The scope of the task force has not yet been determined but just about any effort to improve the Wikidata ontology will probably be considered in scope, ranging from theoretical analyses of the ontology, to techniques for reasoning in Wikidata, to implementation of tools that help improve the ontology, to documentation of problems with the ontology, to direct editing of the ontology. There is a welcome page that gives some background on the Wikidata ontology and the task force.

Participation

[edit]

Anyone interested in working to improve the Wikidata ontology is welcome. Add your user identification below to join the group. Add issues that you are interested in or currently work on to the sections below.

Participants

[edit]
  1. Peter Patel-Schneider
  2. Lectrician1
  3. Andrea Westerinen
  4. PKM (talk)
  5. Chris Mungall
  6. Mahir256
  7. Egezort
  8. Rosario Uceda-Sosa

Meetings

[edit]

The task force uses Google Meet for meetings, as described in the task force's calendar. Currently meetings are Tuesday at 11 am ET (currently GMT-4). Members of the task force are active in the Wikiproject Ontology telegram group.

Next meeting agenda

[edit]

Task force members should add agenda items for topics they wish to discuss. The default agenda has reports on the current efforts. If there is significant work on any effort please add something to its agenda item.

Tuesday, 26 November 2024, 11am ET
[edit]

Peter will miss the meeting due to a vacation.
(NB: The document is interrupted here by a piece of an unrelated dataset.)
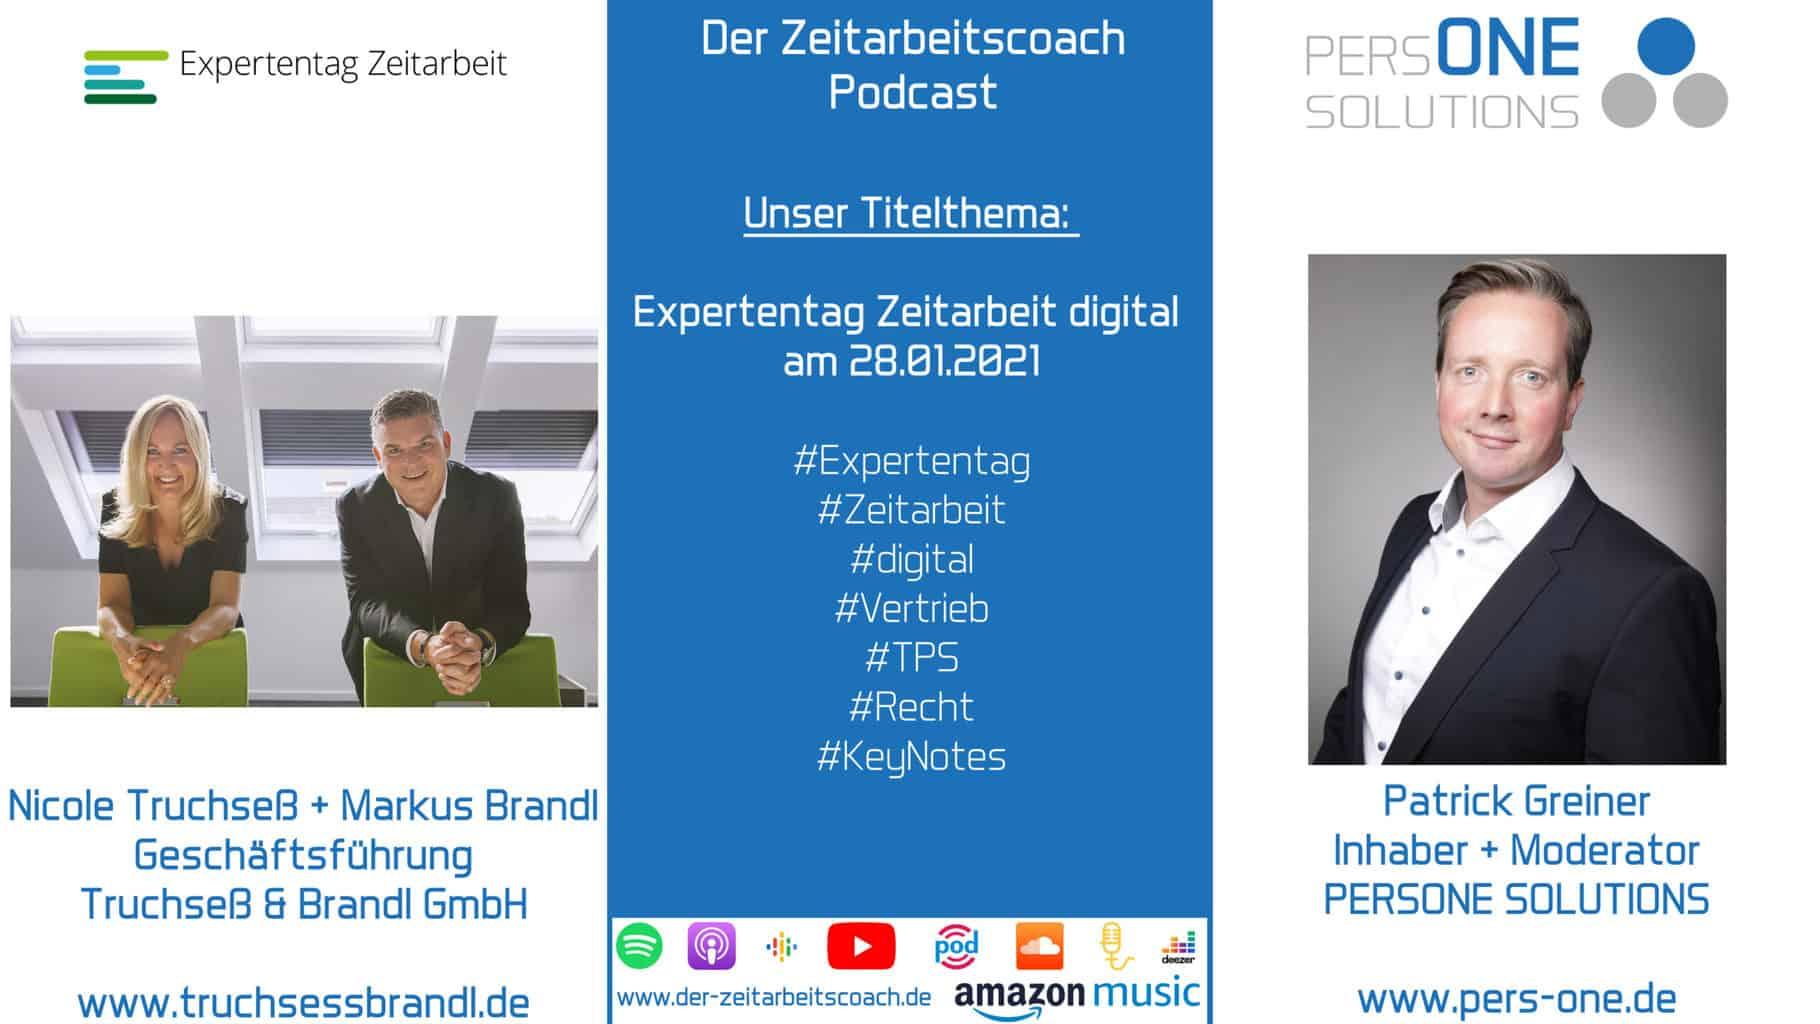 Expertentag Zeitarbeit_Podcast SM Grafik-Interview_Zeitarbeitscoach-Podcast

  • Our meeting length is limited to 60 minutes by Google so meetings may be terminated abruptly.
  • Welcome new members
    • If you can't make meetings please add information to this page about your interests and activities.
  • PropBank discussion if there has been recent progress
  • Interests of new members
  • Reports on status of current efforts.
Tuesday, 3 December 2024, 11am ET
[edit]

Peter will miss the meeting due to a vacation.

Tuesday, 10 December 2024, 11am ET
[edit]

Peter may miss the meeting due to travel.

Previous meeting notes

[edit]

See Wikidata:WikiProject Ontology/Cleaning Task Force/Meetings for notes from prior meetings.

Current efforts and Information

[edit]

Feel free to add efforts that you are participating in here and report on your progress.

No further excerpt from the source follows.